Ahda Imran telah menerangkan pada para pemrotes, bahwa monolog ini merupakan karya seni dan tidak ada maksud untuk menyebarluaskan paham komunis, massa bergeming.
"Pokoknya bubar," kata seorang di antara mereka, yang agaknya merupakan juru bicara. "Komunis adalah musuh," teriaknya.
Meski beberapa jam kemudian, lewat media yang sama Ahda Imran menyampaikan bahwa pertunjukannya bisa tetap digelar, atas jaminan penuh dari Wali Kota Bandung Ridwan Kamil, kabar ini tetap menyentak.
Hari ini penanggalan ke 24, bulan Maret, tahun 2016. Setengah abad lebih berjarak dari peristiwa pembunuhan enam jenderal dan satu perwira menengah yang membuat Partai Komunis Indonesia (PKI) hancur lebur dan kemudian dinyatakan terlarang.
Padahal, tidak pernah ada yang tahu pasti, apakah jenderal-jenderal dan perwira itu dibunuh oleh PKI atau pihak lain yang memancing di air keruh, menelikung, untuk memenangkan konspirasi politik tingkat tinggi.
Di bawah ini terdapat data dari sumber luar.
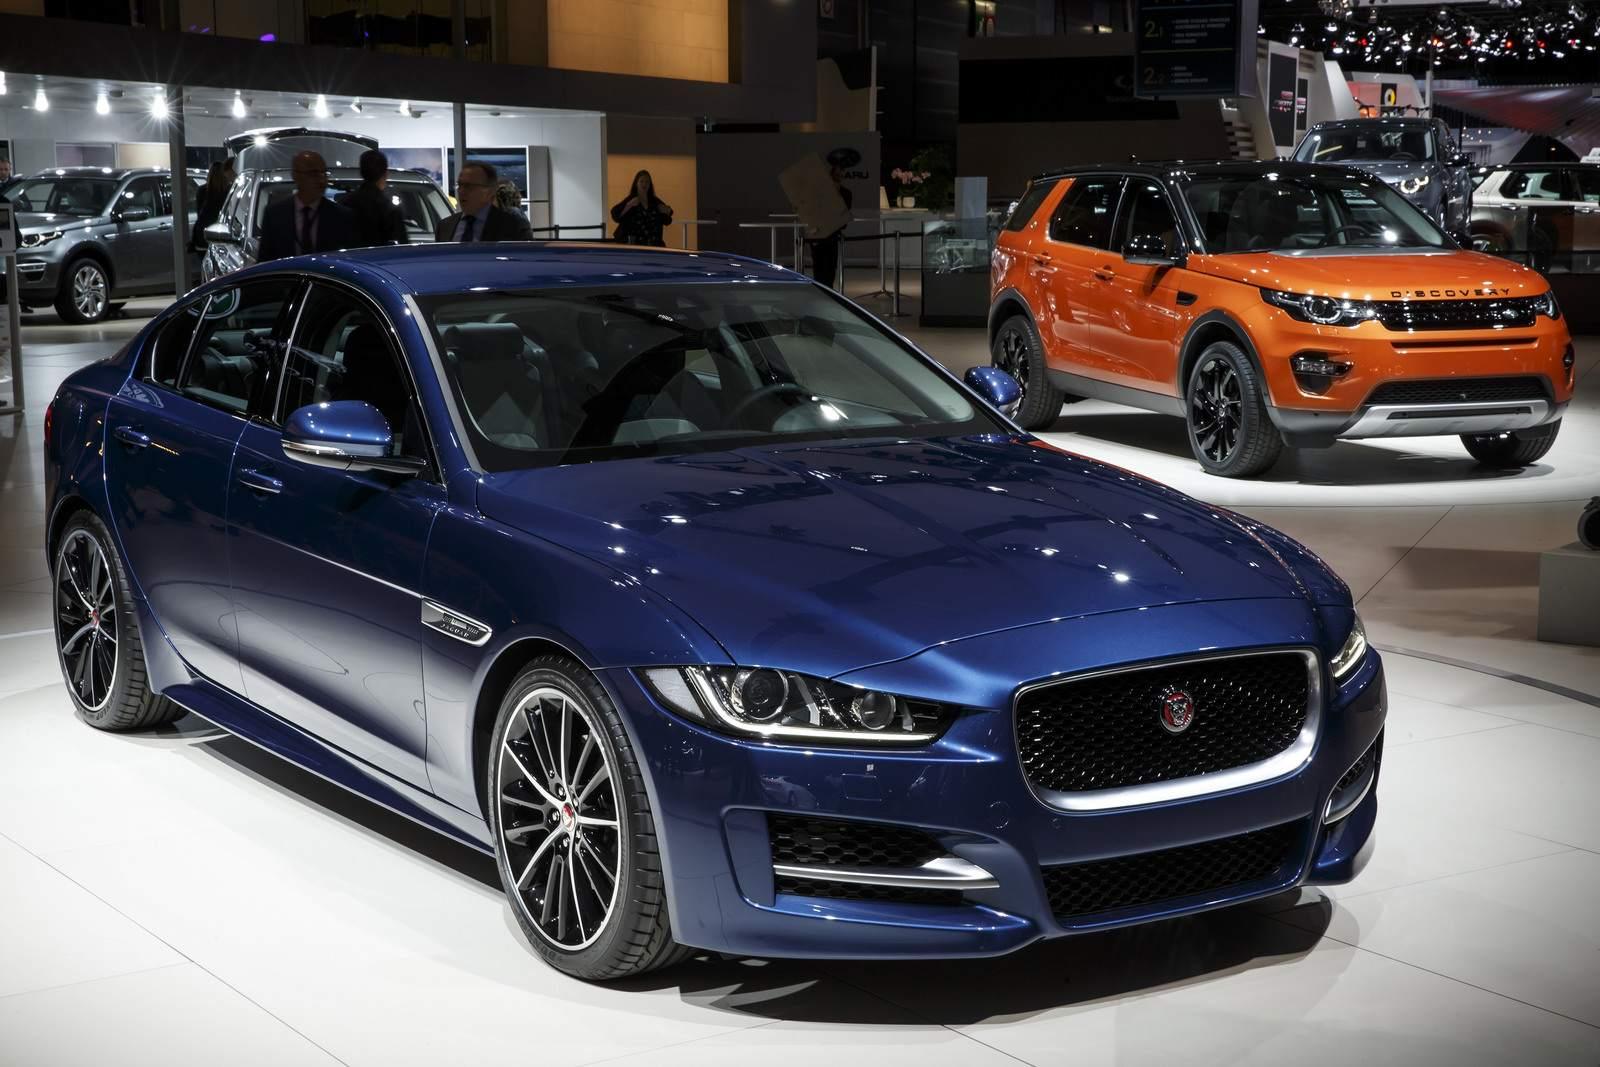 paris motor show6 Jaguar and Land Rover at Paris Auto Show 2014

Setengah abad lebih dan kebencian dan sekaligus ketakutan itu, ternyata, tetap terpelihara.
Saya, tentu saja, pada awalnya termasuk ke dalam kelompok yang benci sekaligus takut ini. Sebabnya jelas. Generasi saya, generasi yang mengenakan seragam SD sampai SMA sepanjang tahun 1980 sampai awal 1990an, juga generasi di atas saya dan di bawah saya hingga kejatuhan Soeharto di tahun 1998, dicekoki dengan pelajaran dari buku-buku sejarah yang dibuat sesuai keinginan pemerintah. Dan, memang, tidak pernah ada nama Tan Malaka di buku-buku itu. Setidaknya untuk disebutkan sebagai orang-orang penting, seperti Soekarno, Hatta, Sutan Syahrir, Sudirman, dan --tentu saja-- Soeharto.
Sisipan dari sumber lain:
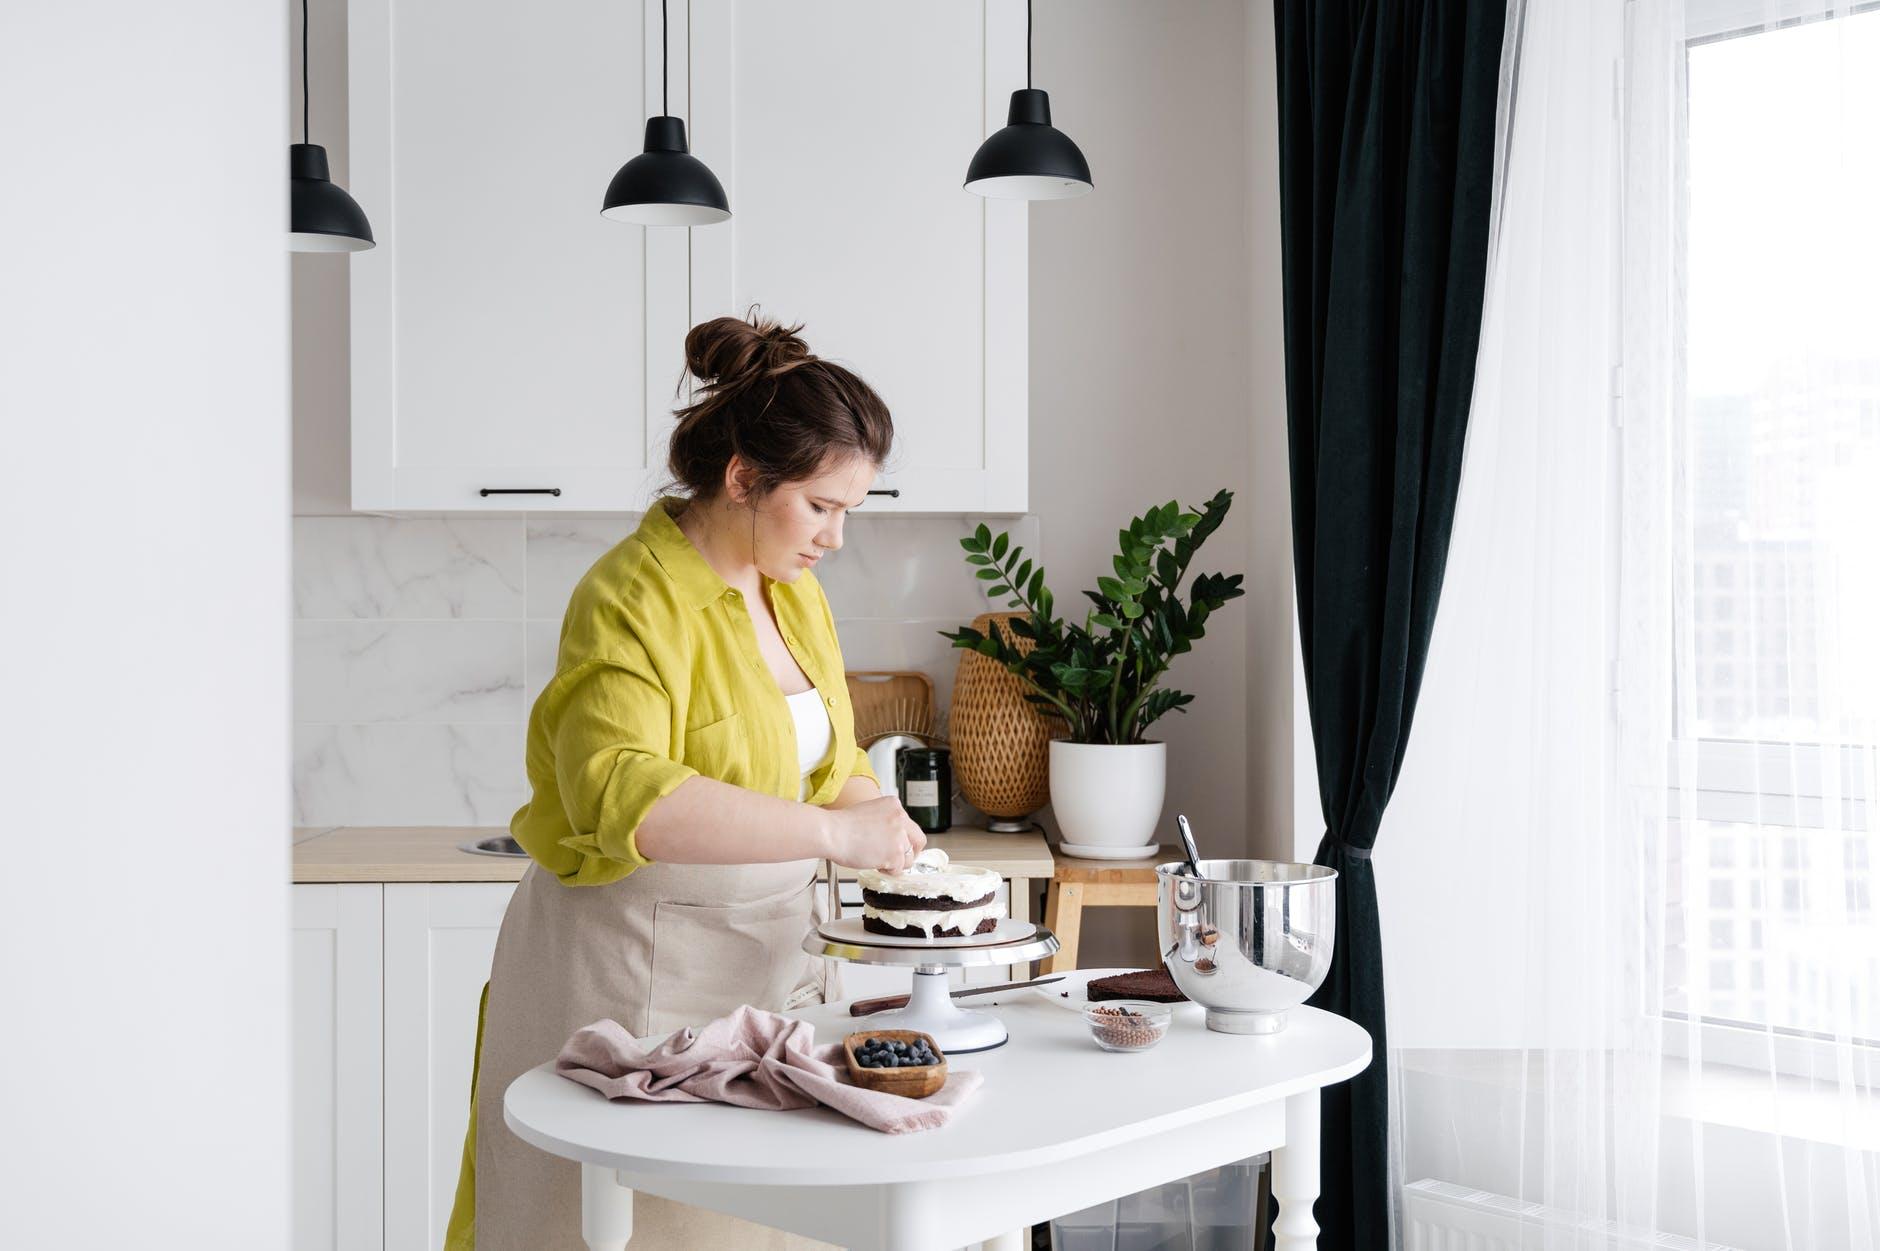 Colberg Baking

Setelah meninggalkan PSPB (Pelajaran Sejarah Perjuangan Bangsa) dan buku-buku sejarah lain bikinan Orde Baru yang serba aduhai, lalu beralih ke buku-buku sejarah lain yang sebelumnya dilarang edar karena memilih untuk tidak ngibul, saya jadi tahu bahwa perjuangan ketiga Bung Besar, juga Sudirman, tidak lepas dari pemikiran Tan Malaka.
Pemikiran yang ia tuangkan dalam dua buku yang sebenarnya sungguh-sungguh krusial dalam perjuangan bangsa: "Naar de Republiek Indonesia" (1925) dan "Massa Actie" (1926).
Dua buku ini, sepanjang catatan sejarah yang --sekali lagi-- tidak ngibul, merupakan buku pertama yang bukan saja secara terang-terangan mengedepankan ide kemerdekaan, tapi lebih jauh bentuk negara.
Tan Malaka dilahirkan di Nagari Pandam Gadang, Suliki, Lima Puluh Kota, Sumatera Barat, 2 Juni 1897. Nama lahirnya Ibrahim. Ia keturunan bangsawan Minang dan bergelar Datuk.